* YOUR TASK
Beginning with the line that holds "Paire de fauteuils" and finishing with the line that holds "Dimensions : H= 88", repeat the listing exactly, leaving every picture out.

* RECORDS FOR THIS TASK
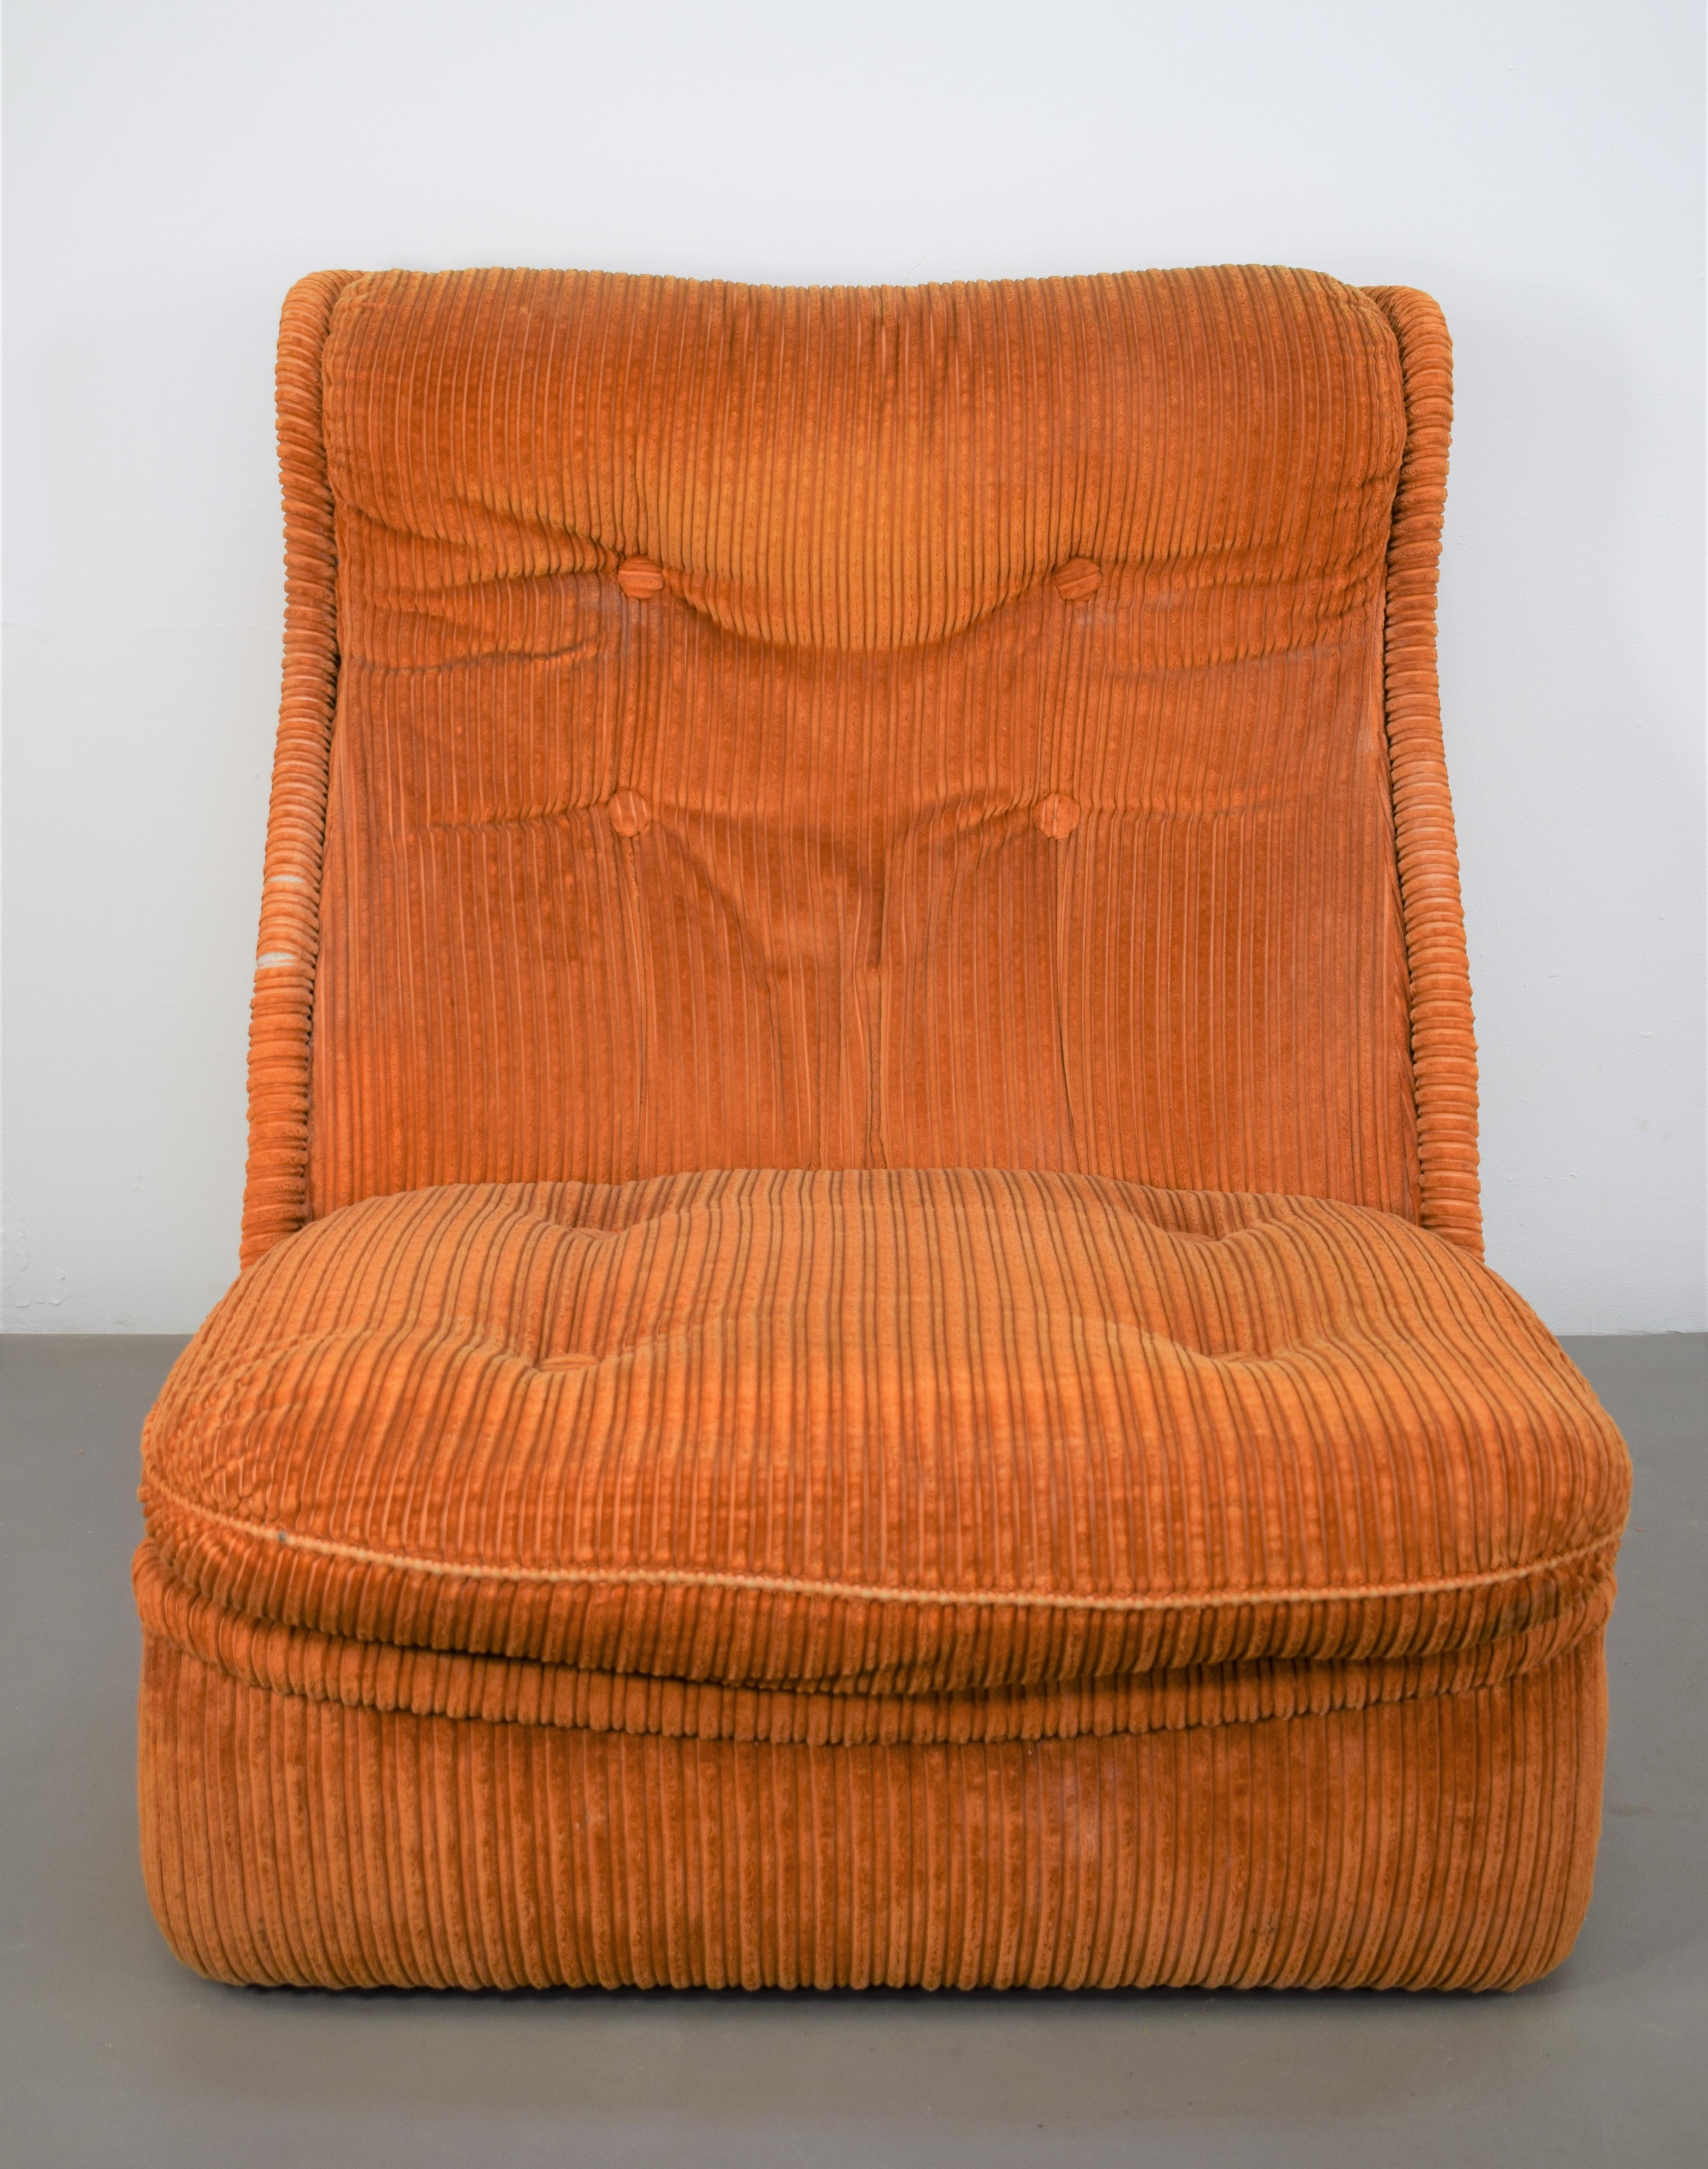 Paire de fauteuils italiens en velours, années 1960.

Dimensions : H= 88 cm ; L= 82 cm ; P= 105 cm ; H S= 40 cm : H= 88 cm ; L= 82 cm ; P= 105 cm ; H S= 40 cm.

==

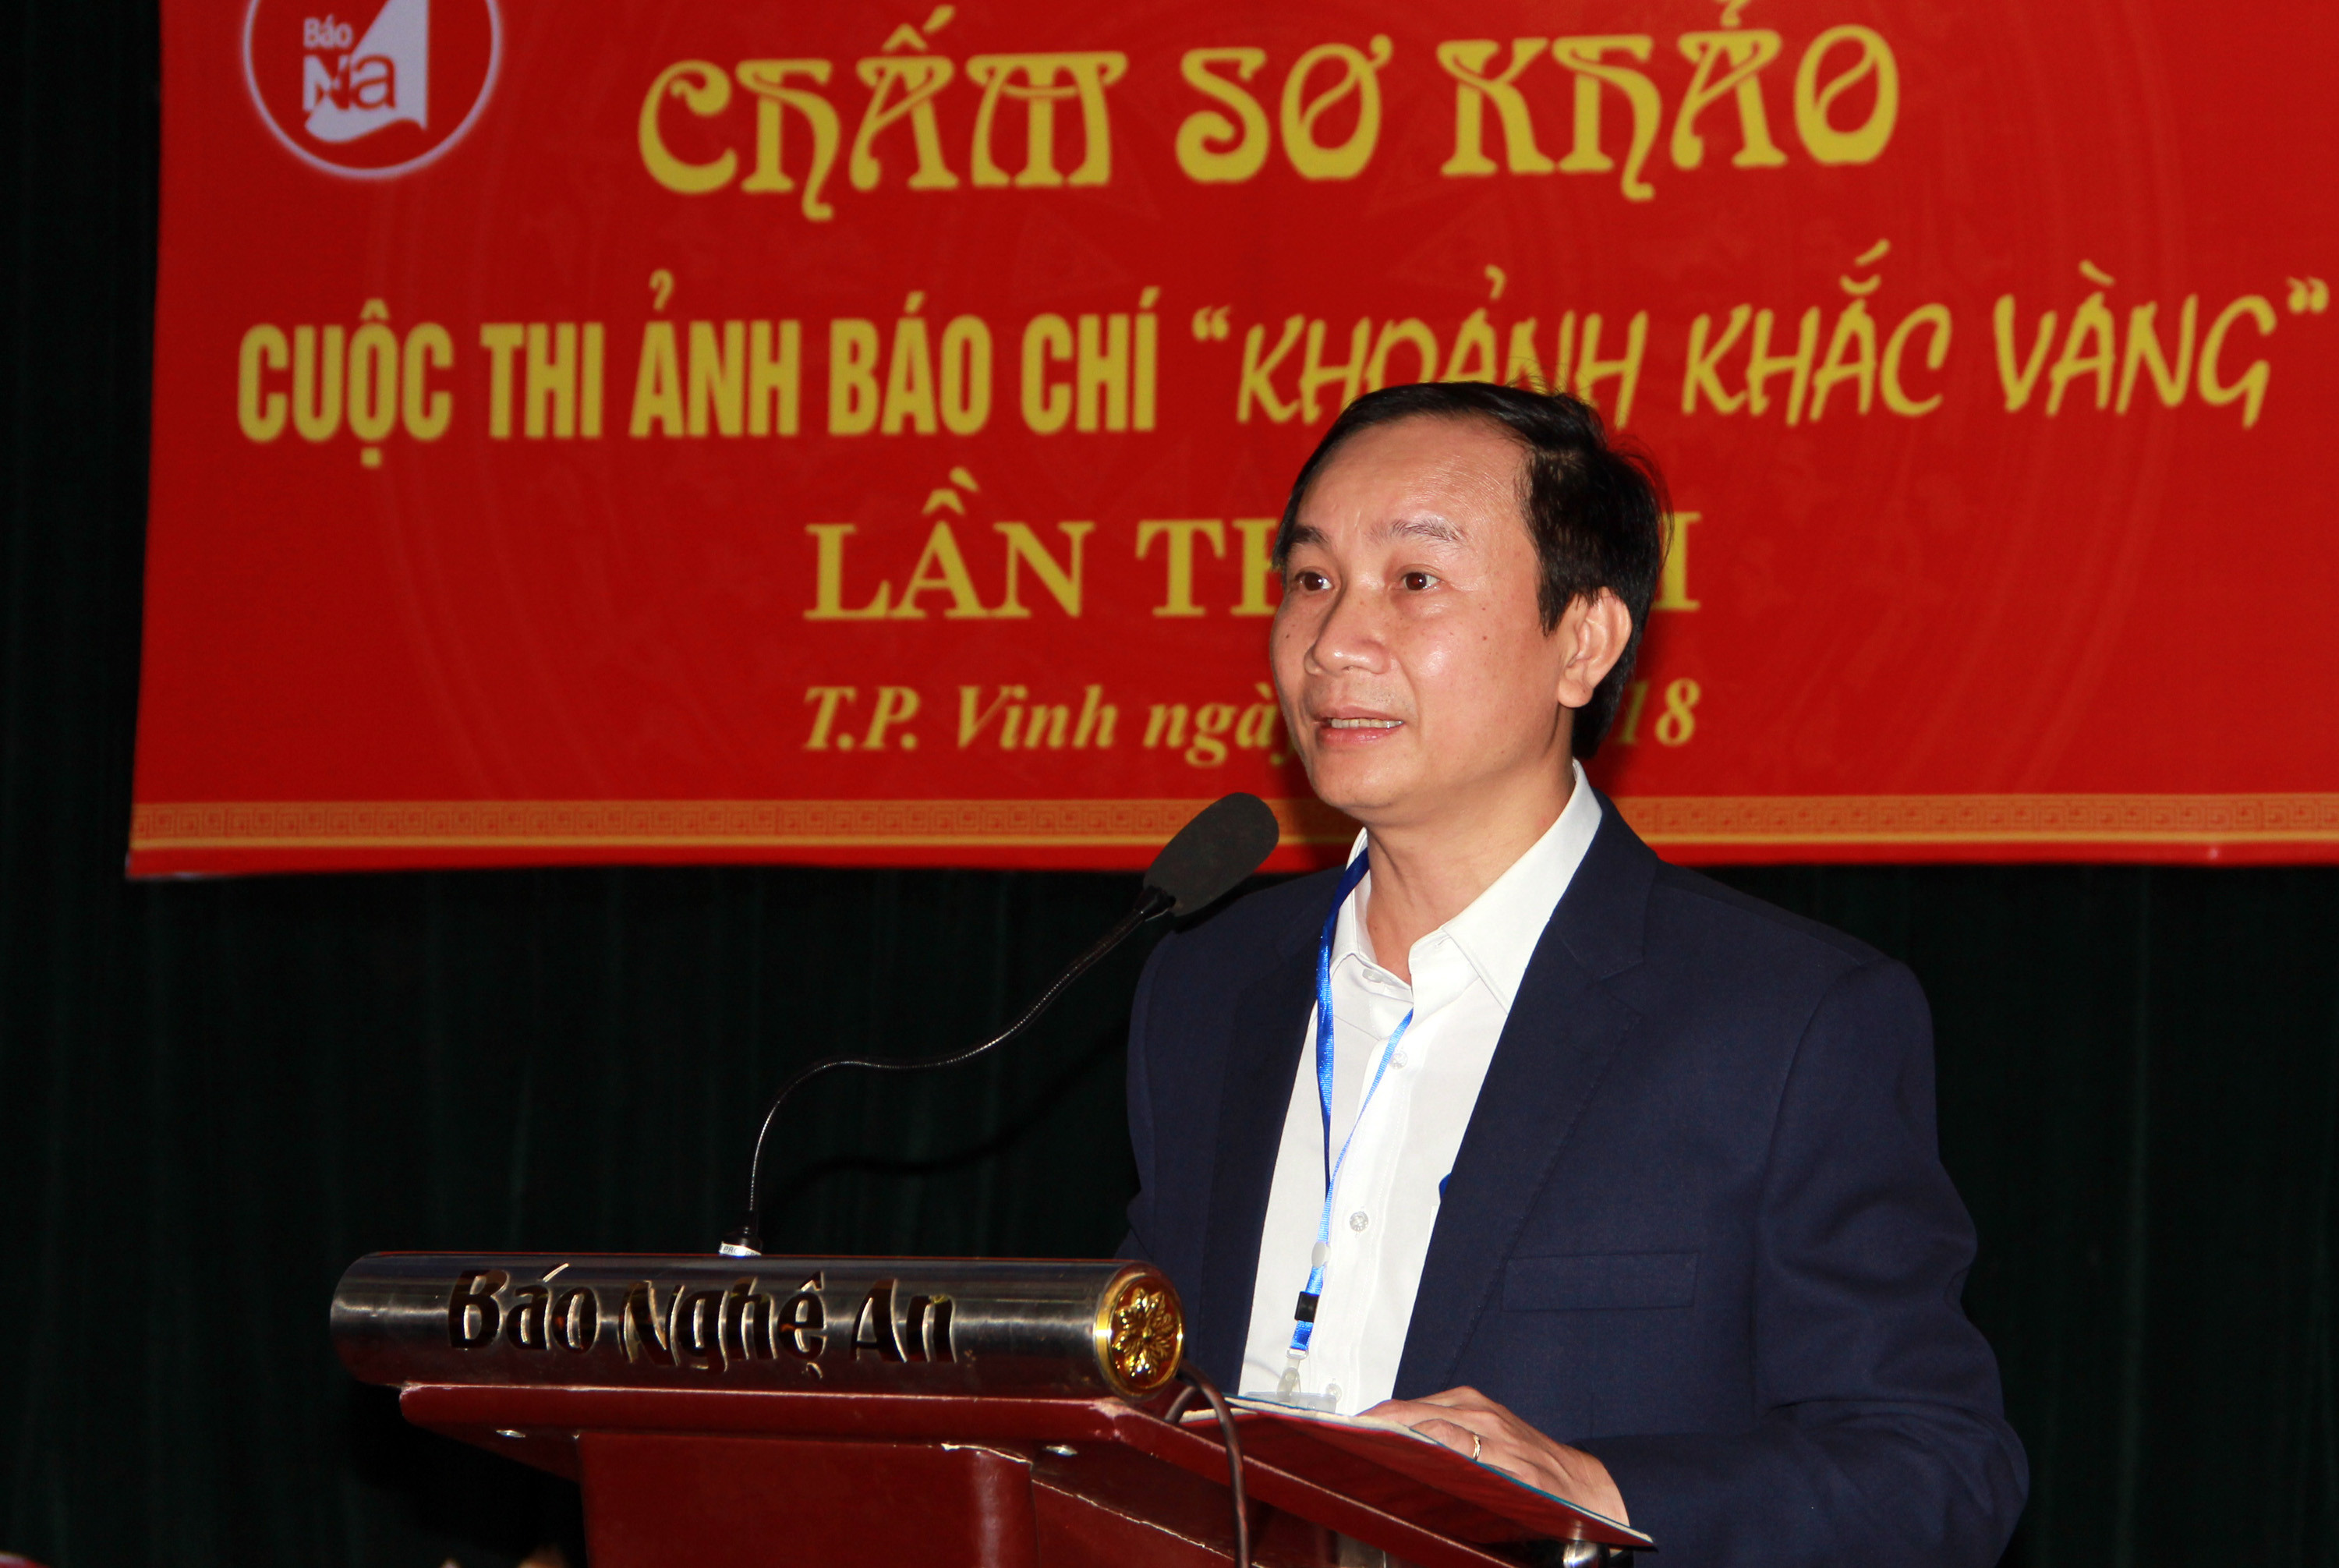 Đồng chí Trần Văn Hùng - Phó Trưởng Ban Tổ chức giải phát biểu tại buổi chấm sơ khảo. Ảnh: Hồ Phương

...

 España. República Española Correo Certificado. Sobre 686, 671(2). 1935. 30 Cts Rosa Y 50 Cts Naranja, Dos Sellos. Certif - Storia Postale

* ANSWER TO THIS PROBLEM
 Paire de fauteuils italiens en velours, années 1960.

Dimensions : H= 88 cm ; L= 82 cm ; P= 105 cm ; H S= 40 cm : H= 88 cm ; L= 82 cm ; P= 105 cm ; H S= 40 cm.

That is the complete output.